The entire article can be found using the E-Journal Finder on the
GMU libraries web site. All of the measurements were obtained from dead
people from southern California hospitals. The subjects used were put
into matched sets of three --- matching one homosexual man, one
heterosexual man, and one heterosexual woman in each set of three
subjects by age in order to reduce any variation due to age.
That being the case, a two-way ANOVA should have been
used, but the article indicates that a one-way ANOVA was used --- which
is so wrong! (By creating the matched sets and doing a one-way
ANOVA they eliminated some of the differences due to age, but they
did not account for the variation due to age, and if they had done that
there wouldn't have had to have been as great of an allowance for any
observed differences possibly being due to natural variation among the
subjects. In this particular case, the important differences were large
enough so that the failure to reduce the unexplained experimental noise
didn't hurt them so much, but in general what they did is very bad
practice.) Even using a two-way ANOVA, there is a worry about
inadequate matching, since so many more of the homosexul men died of AIDS
(and matching by age doesn't directly reduce variation due to other
subject differences, like whether or not they died of AIDS). An
alternative approach would be to create a multiple regression model, in
which differences between subjects can be adjusted for instead of
attempting to use matching to cancel out the effects of the differences.

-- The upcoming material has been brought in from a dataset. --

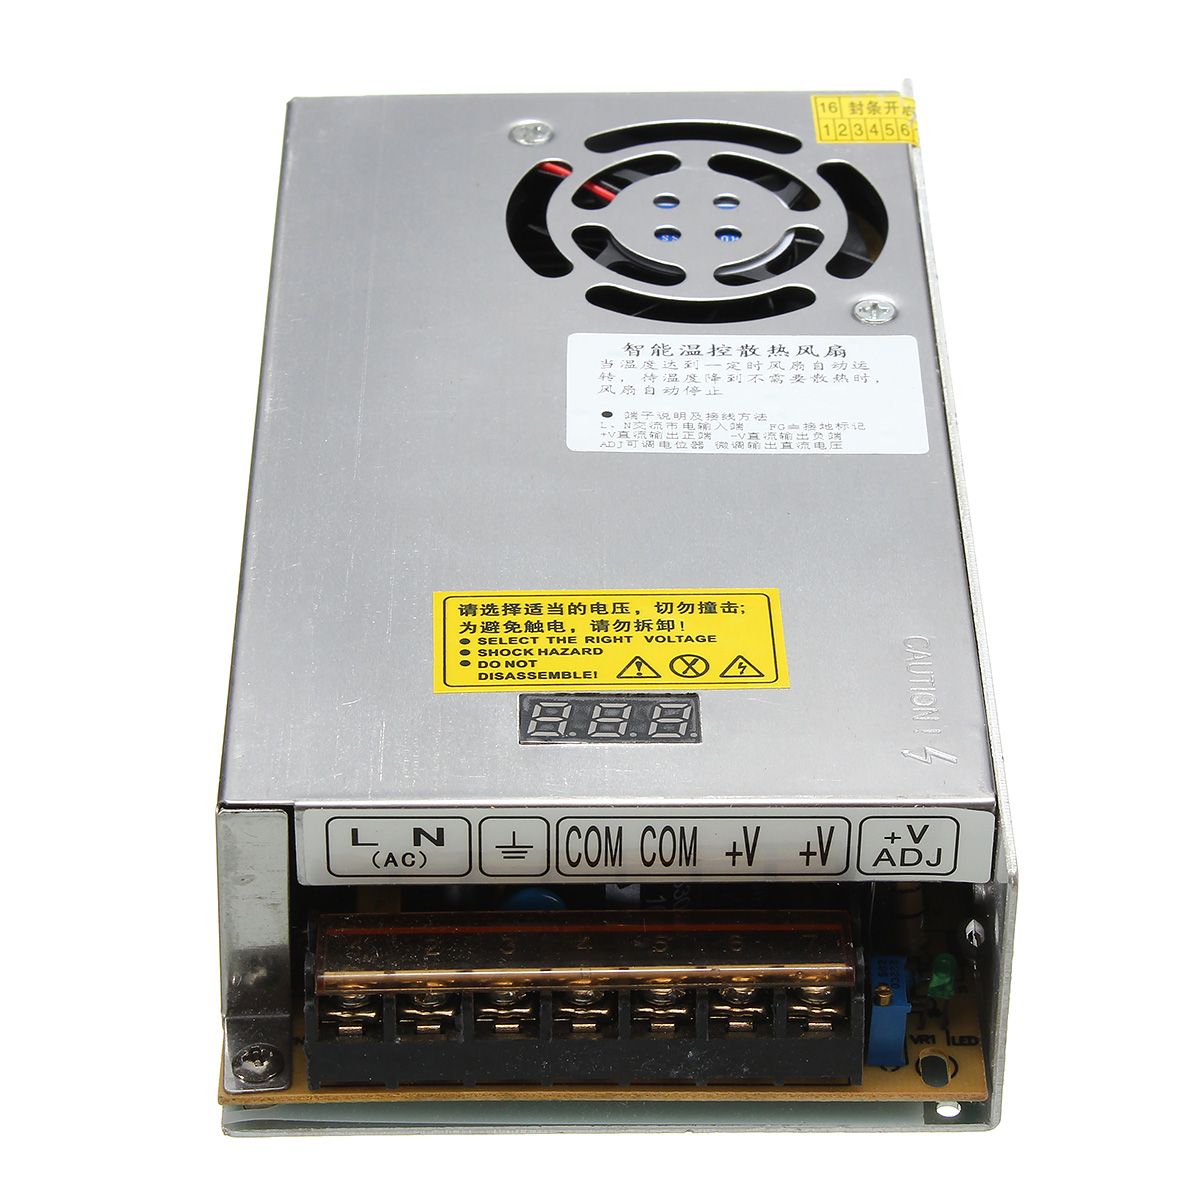 Switching-Power-Supply-Transformer-Adjustable-AC-220V-to-DC-0-5V-40A-240W-with-LCD-Display-1424723

(If we can randomly assign the subjects in the matched sets to the
various treatment groups, then we don't have to worry as much about
having only a loose matching. But in a case like this one, where we do
not randomly assign the subjects to the treatment groups, we don't have
randomization to give us a fair experiment even if matching isn't so
good, and so it may be better to try to incorporate more variables into
the model instead of hoping that the effects due to other variables
cancel out due to the matching.) Upon reading the article, I can see
that they thought about trying to adjust for other differences in an
attempt
to isolate differences due to sexual orientation, but I also suspect
that the statistical analysis wasn't done in the best possible way. In
addition to not using a two-way ANOVA where it was appropriate, there is
also mention of a certain multiple comparison procedure which may not
have been the best one to use. (That the statistical analysis was not
done properly does not surprise me, although medical studies tend to be
better than others. I've witnessed improper statistical analysis here
at GMU, and have been greatly disappointed that in some cases the
researchers were resistant to changing to better methods once
inadequacies were made known to them.)
Example 1.7
Even if there is no interaction between sex and dose, it's still a good
idea to adjust for sex when determining the effect of the dose difference.
If sex differences contribute to the observed variation, and we can ajust
for some of the variation due to sex, we have less variation to muddy
the waters when trying to assess the effect of the dose difference.
Example 1.8
I'd like to know how the energy expenditures were measured. It appears
that GMU doesn't have the 1981 volume of the journal, and it doesn't
seem to be available using the E-Journal Finder.